Genus of flowering plants

Acroglochin persicarioides is a species of flowering plants in the plant family Amaranthaceae. It is distributed from the Himalayas to China. The systematic position of the genus Acroglochin in subfamily Betoideae is still uncertain.

== Description ==
Acroglochin persicarioides is an erect glabrous annual herb, 30–80 cm tall. The sparsely branched stems are ribbed and striate, green or purplish. The alternate leaves (up to 6 cm long) are long petiolate, their simple leaf blades are ovate to deltoid with irregularly and coarsely toothed margins.

The inflorescences are numerous branched cymes in the axils of almost all leaves, erect-spreading, contracted, with short sterile branches ending needle-like. The hermaphrodite flowers are sessile, without bracts and bracteoles. The perianth is very small and consists of five basally connate tepals, these are linear-oblong, curved upwards, with a green center and membranous margins. There are one to three stamens and an ovary with short style and two short stigmas.

The fruit is slightly shorter than the adpressed persistent perianth, and about 1–4 mm in diameter, it is disciform, depressed and saucer-shaped and opens circumscissile. The fruit wall (pericarp) is free. The horizontal seed is black, with a hard, thin, glossy seed coat. It contains an annular embryo and mealy perisperm (feeding tissue).

The flowering and fruiting phase reaches from July to November.

== Systematics ==
The genus Acroglochin was first established in 1822 by Heinrich Schrader, at the same time describing the single type species, Acroglochin chenopodioides. In the following years, several species of other genera were regarded as identical, especially Amaranthus persicarioides, which was already described in 1810, so that this name has priority. Alfred Moquin-Tandon published the combination Acroglochin persicarioides in 1849 as the accepted name for this species.

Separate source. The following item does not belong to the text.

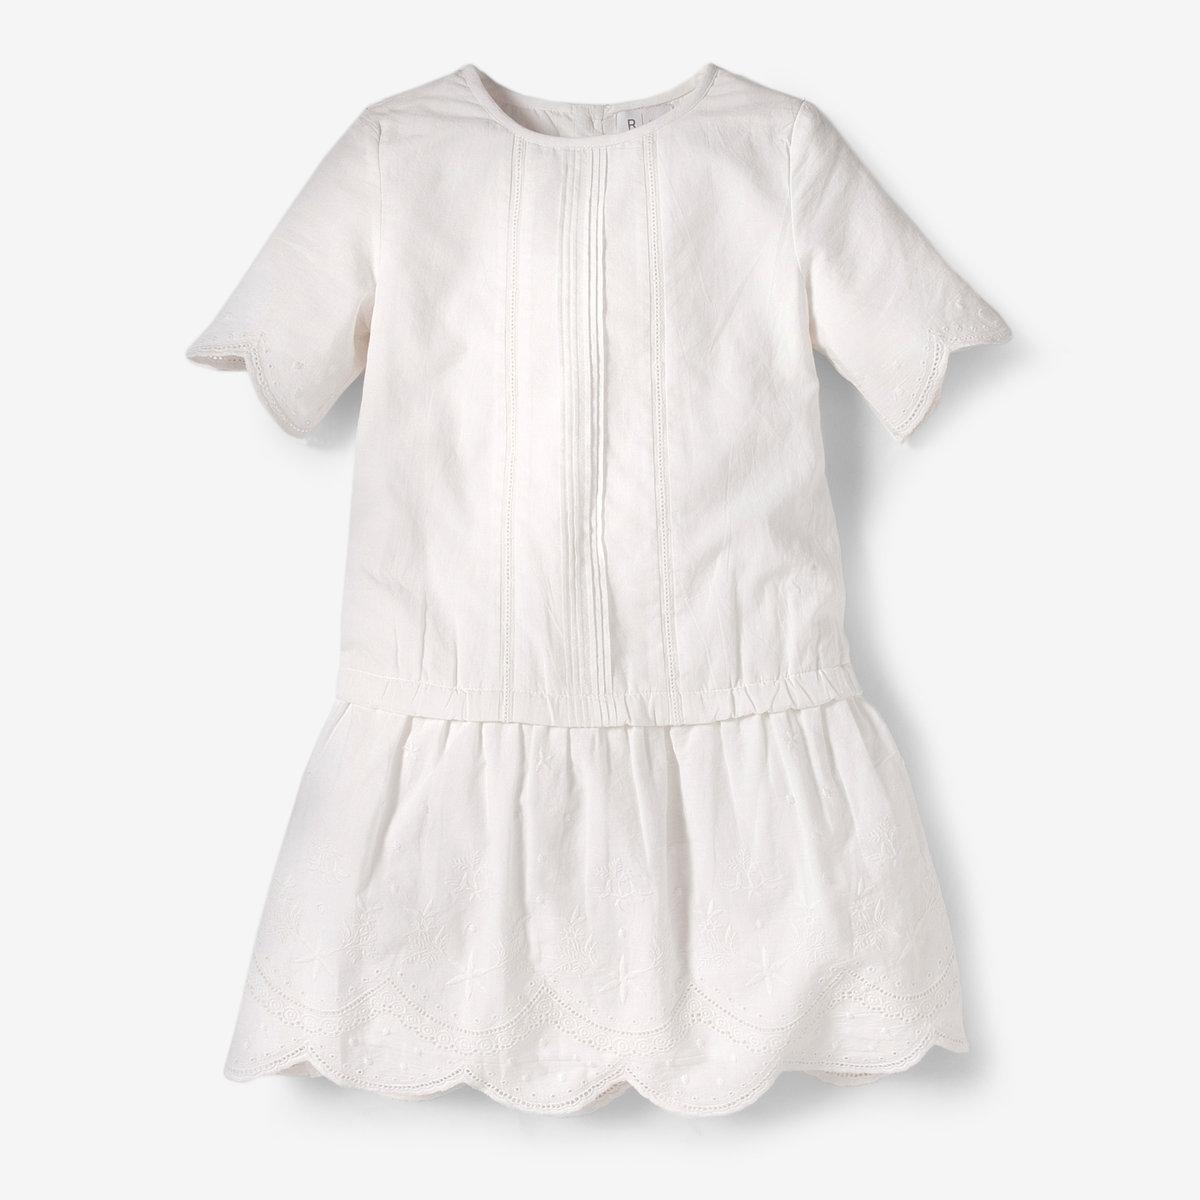 Платье из кружева с вышивкой, 3-12 летПлатье из кружева с короткими рукавами. Круглый вырез. Складки спереди. Низ и края рукавов с вышивкой. Застежка на пуговицы сзади. Полностью на подкладке из 100% хлопка. Состав и описание: Материал: кружево 100% хлопкаУход:Машинная стирка при 40°С с вещами схожих цветов.Стирать, сушить и гладить с изнаночной стороны.Машинная сушка в обычном режиме.Гладить при средней температуре.<br><br>Цвет: розовый<br>Размер: 12 лет -150 см

Synonyms of Acroglochin persicarioides are:

- Acroglochin chenopodioides Schrad. ex J.A. Schultes
- Acroglochin persicarioides var. muliensis T.P. Soong
- Acroglochin persicarioides var. multiflora T P. Soong
- Acroglochin obtusifolia C.H.Blom
- Acroglochin schraderiana Schult.f. ex Moq.
- Amaranthus acroglochin Spreng.
- Amaranthus diandrus Spreng.
- Amaranthus cauliflorus Link
- Amaranthus persicarioides Poir.
- Blitanthus nepalensis Rchb.
- Boehmeria amaranthus H.Lév.
- Lecanocarpus cauliflorus (Link) Nees, T. Nees & Sinning
- Lecanocarpus nepalensis Nees

== Distribution and habitat ==
Acroglochin persicarioides is distributed from the Himalayas (northern parts of Pakistan and India), Kashmir, Nepal, Bhutan, and Tibet to China (Gansu, Guizhou, Hubei, S Hunan, Shaanxi, Sichuan, Yunnan)

The plants grow in disturbed vegetation among rocks, on waste grounds, near cultivations, at forest margins, riversides, open hillsides, or at roadsides.